2. Maxwell configuration, you can download the maxwell software through the official website, decompress it to / opt / maxwell
(the specific installation and startup of maxwell I have already introduced in detail in the previous article)
Use a custom production consumer, upload the dependent data_sync.jar to the / opt / maxwell / lib directory after decompressing maxwell.

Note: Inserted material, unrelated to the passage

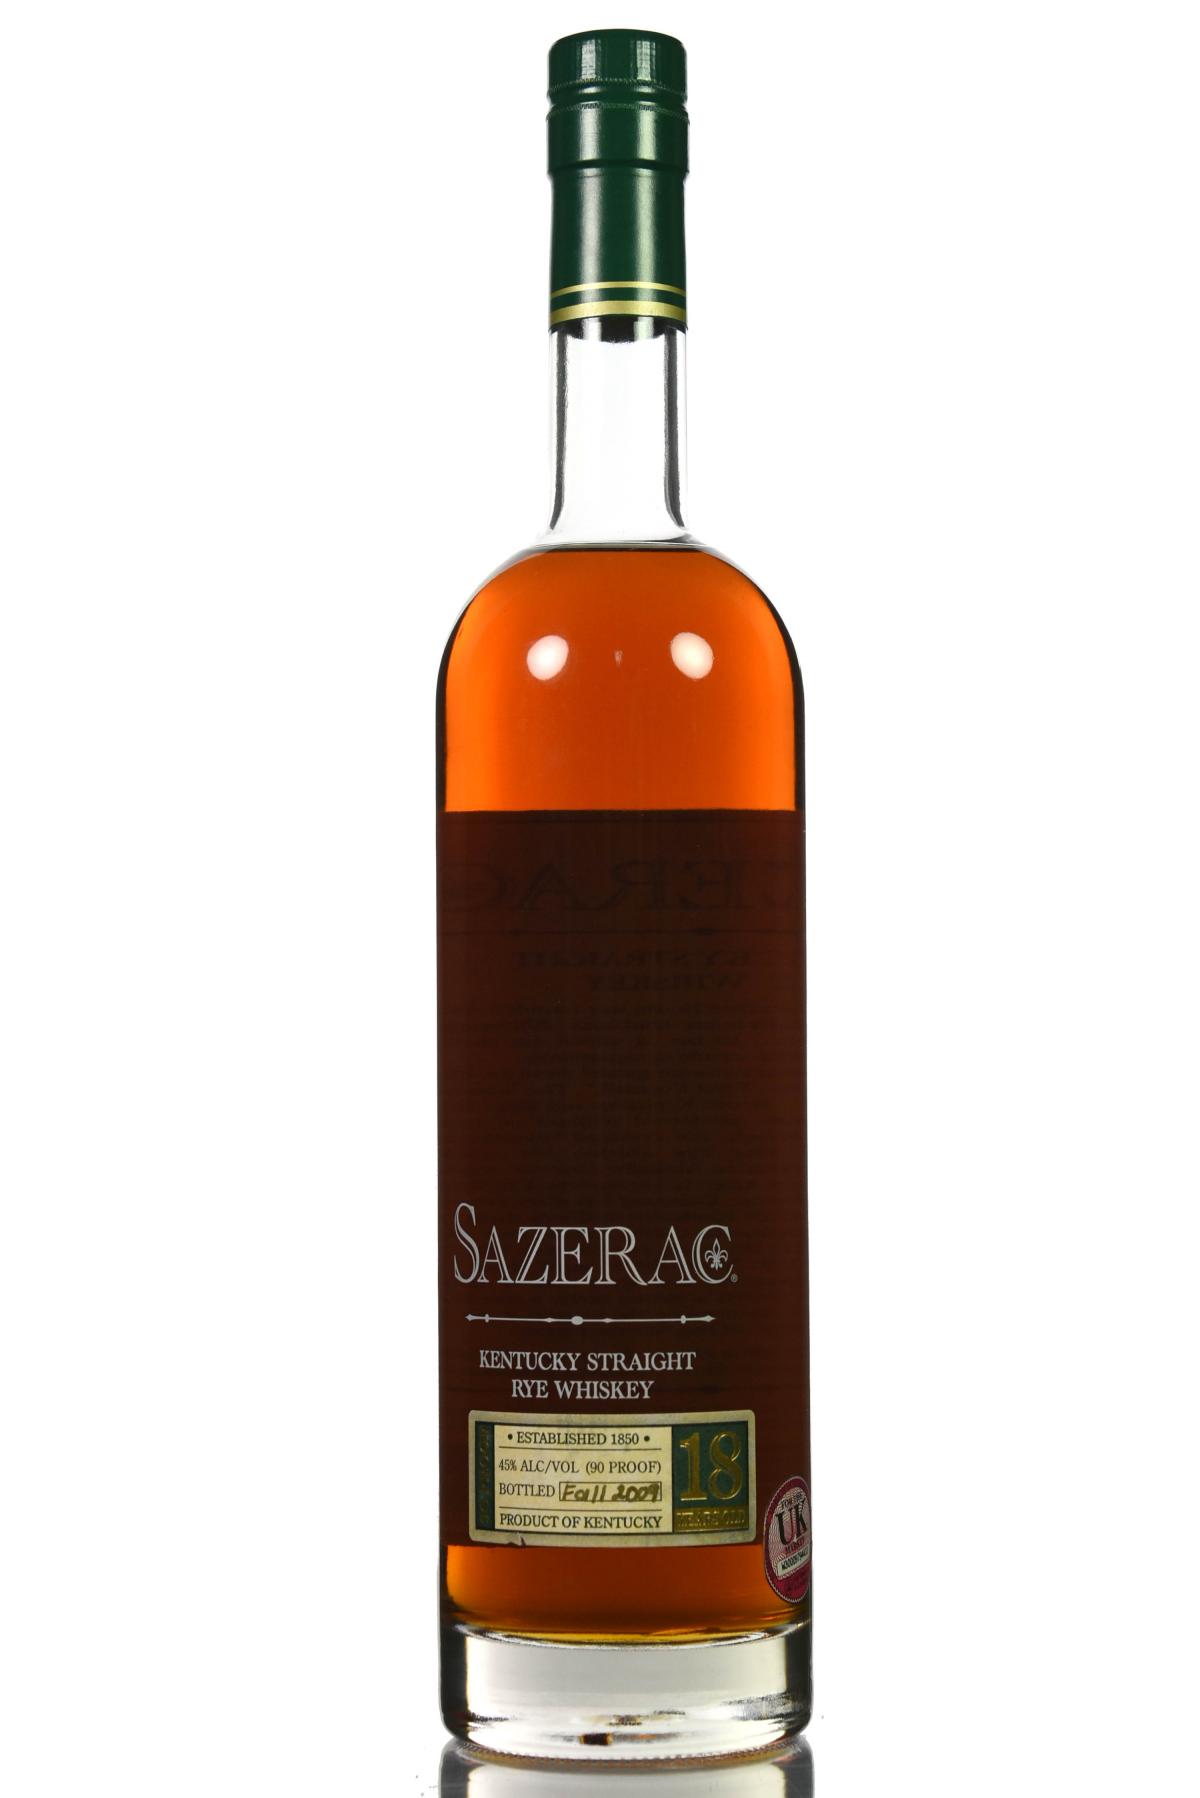 Sazerac 18 Year Old Bourbon - Fall 2009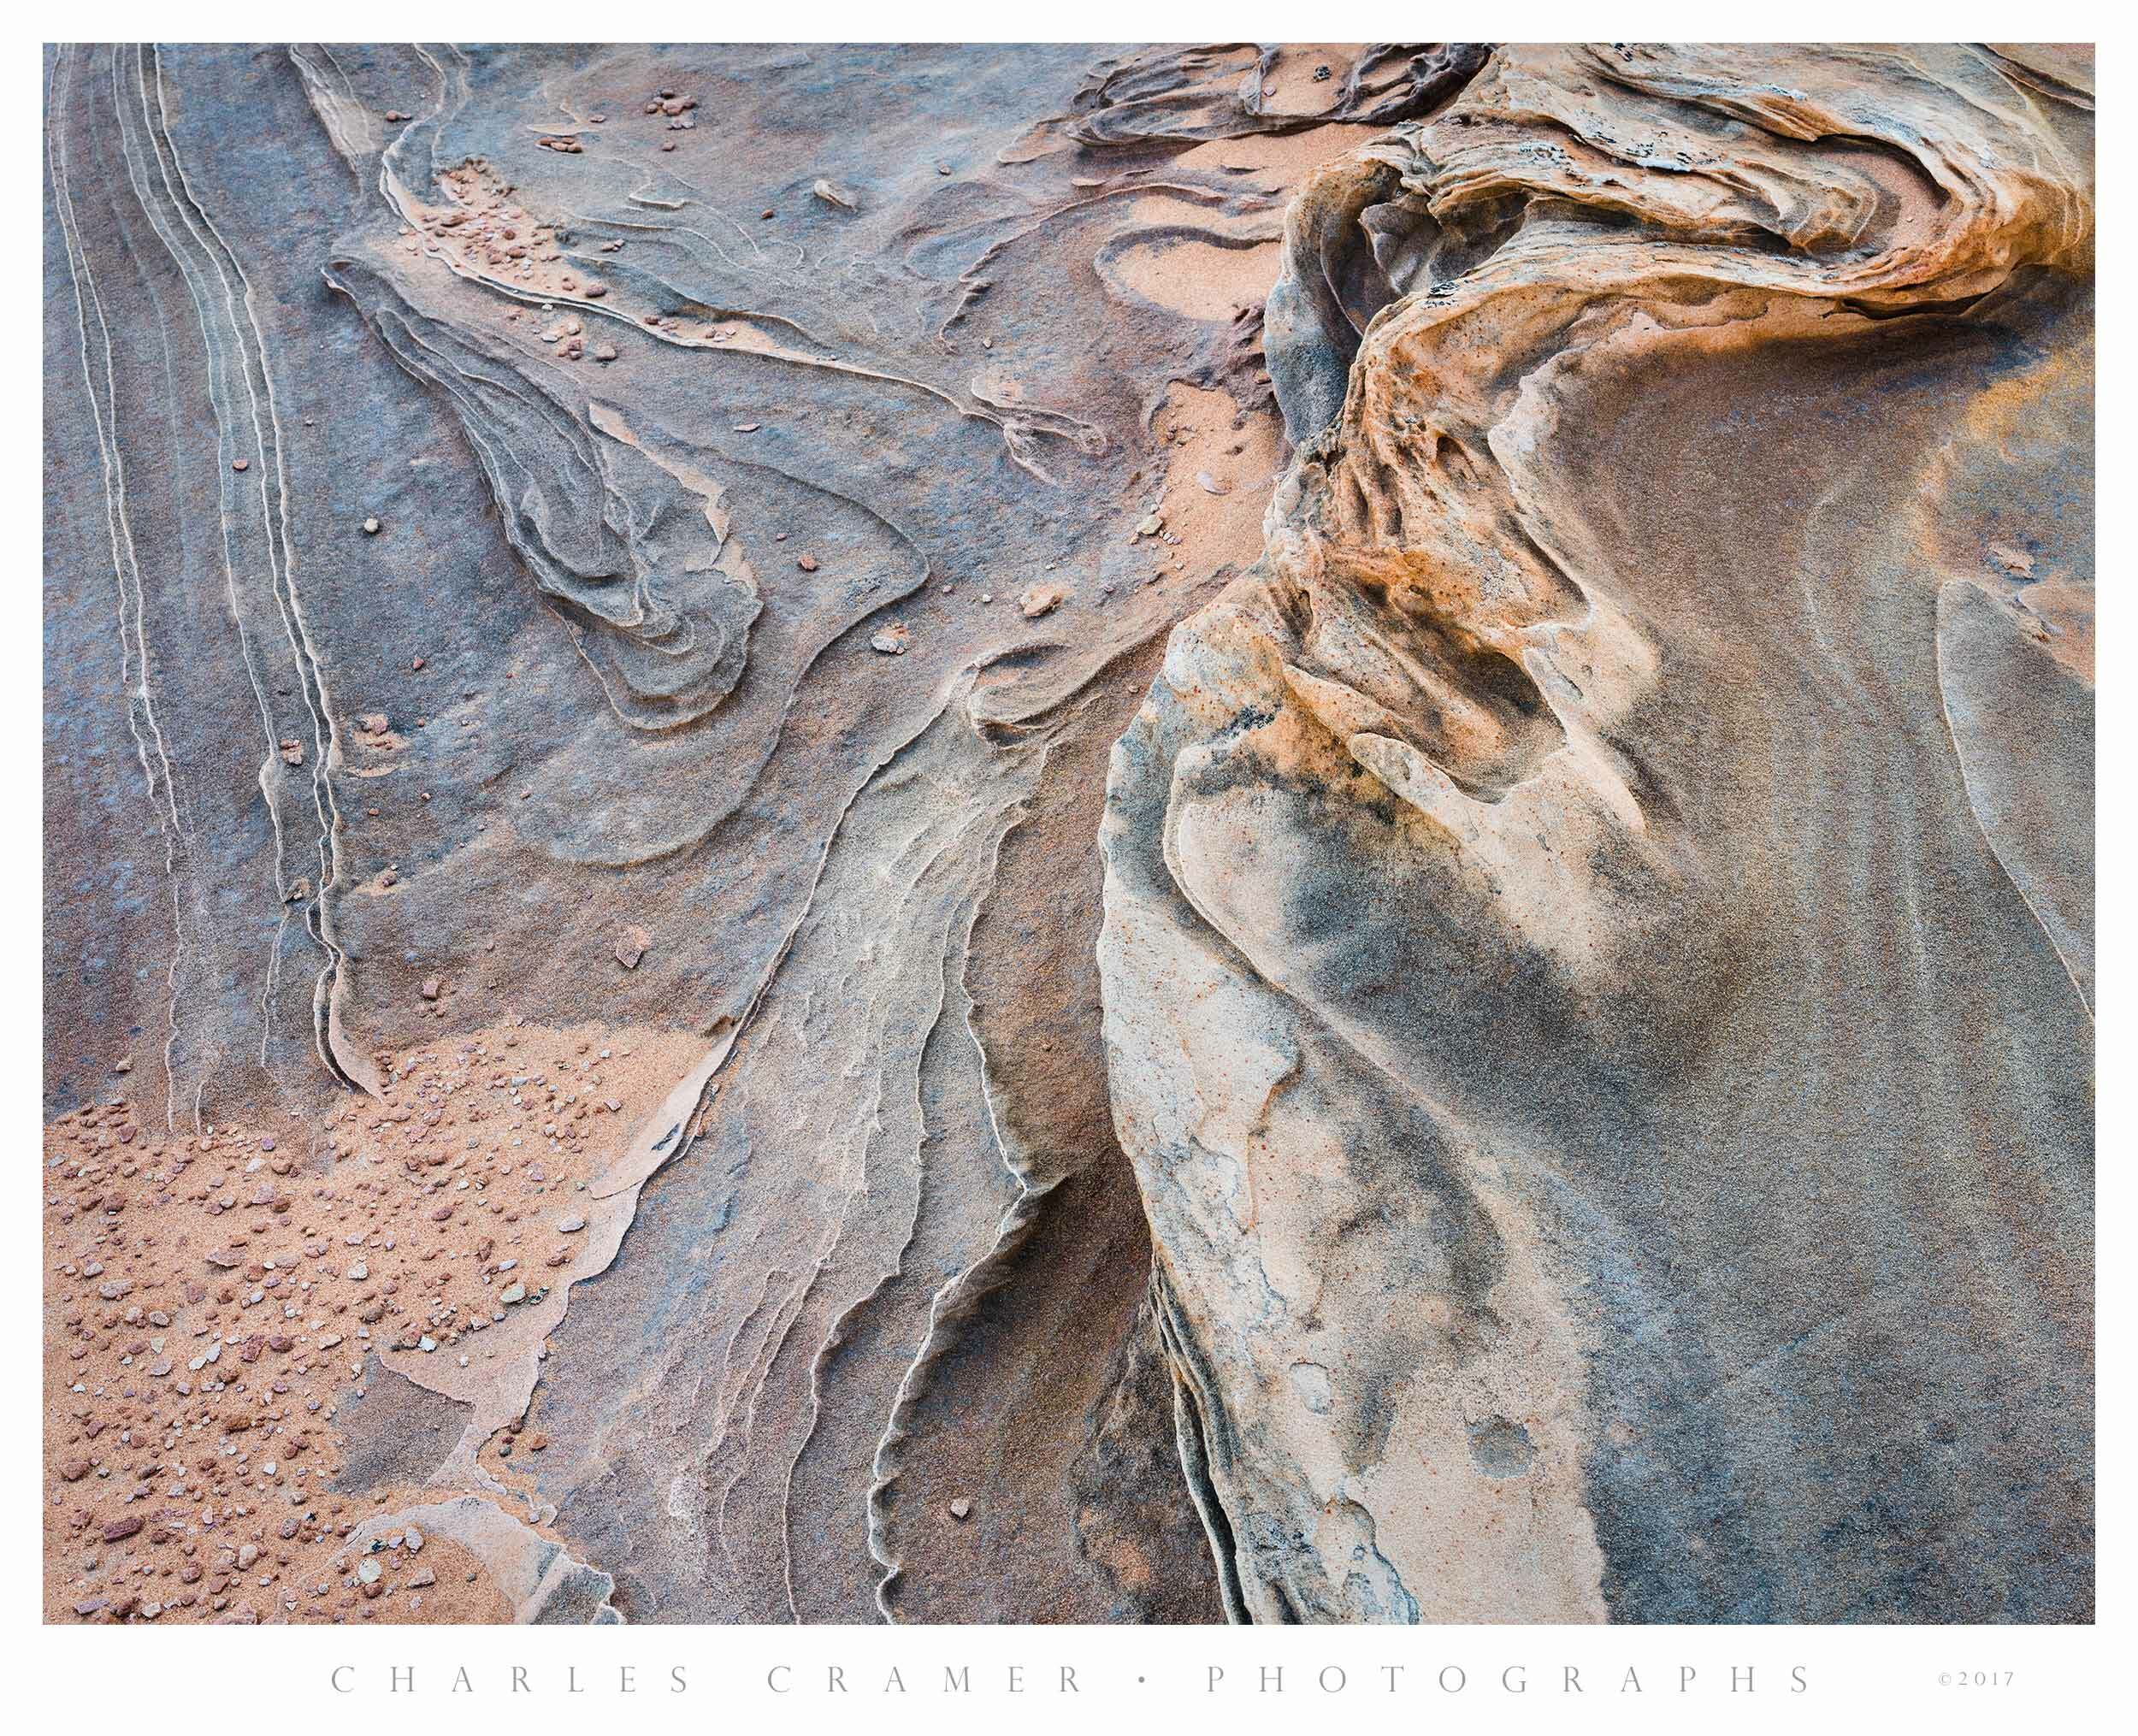 Eroded Sandstone Patterns, Paria Wilderness, Utah

Create a config.properties file in the / opt / maxwell directory and write the specified configuration:
vim config.properties
#[mysql]
user=maxwell
password=123456
host=hadoop1
port=3306
#[producer]
output_server_id=true
custom_producer.factory=com.test.producerfactory.CustomProducerFactory
custom_producer.server_id=23
custom_producer.url=http://58.30.1.XX:19007/
custom_producer.encrypt=data
custom_producer.secretKey=0f1b122303xx44123
Configuration item description:
user : #connect mysql username
password : #connect mysql password
host: # mysql host name (IP address)
port: #mysqlport
output_server_id: #Output server_id, used to identify the data of which regional platform
custom_producer.factory: #Custom production and consumption class
custom_producer.server_id: #Defined server_id, consistent with the server_id in my.cnf
custom_producer.url: #Data center is open to the public Url
custom_producer.encrypt: #Encryption method, data, all, none
custom_producer.secretKey: #Secret key value, the secret key value assigned by the data center point, one-to-one correspondence with server_id
If data encryption is configured, after receiving the data, further decryption is required before the binlog data can be obtained, and the decryption method will be written later.
After the above configuration is completed, you can start maxwell and start the synchronized data to the local data center. When the data is synchronized to the local kafka cluster, you can use flink and spark streaming receiver for further processing.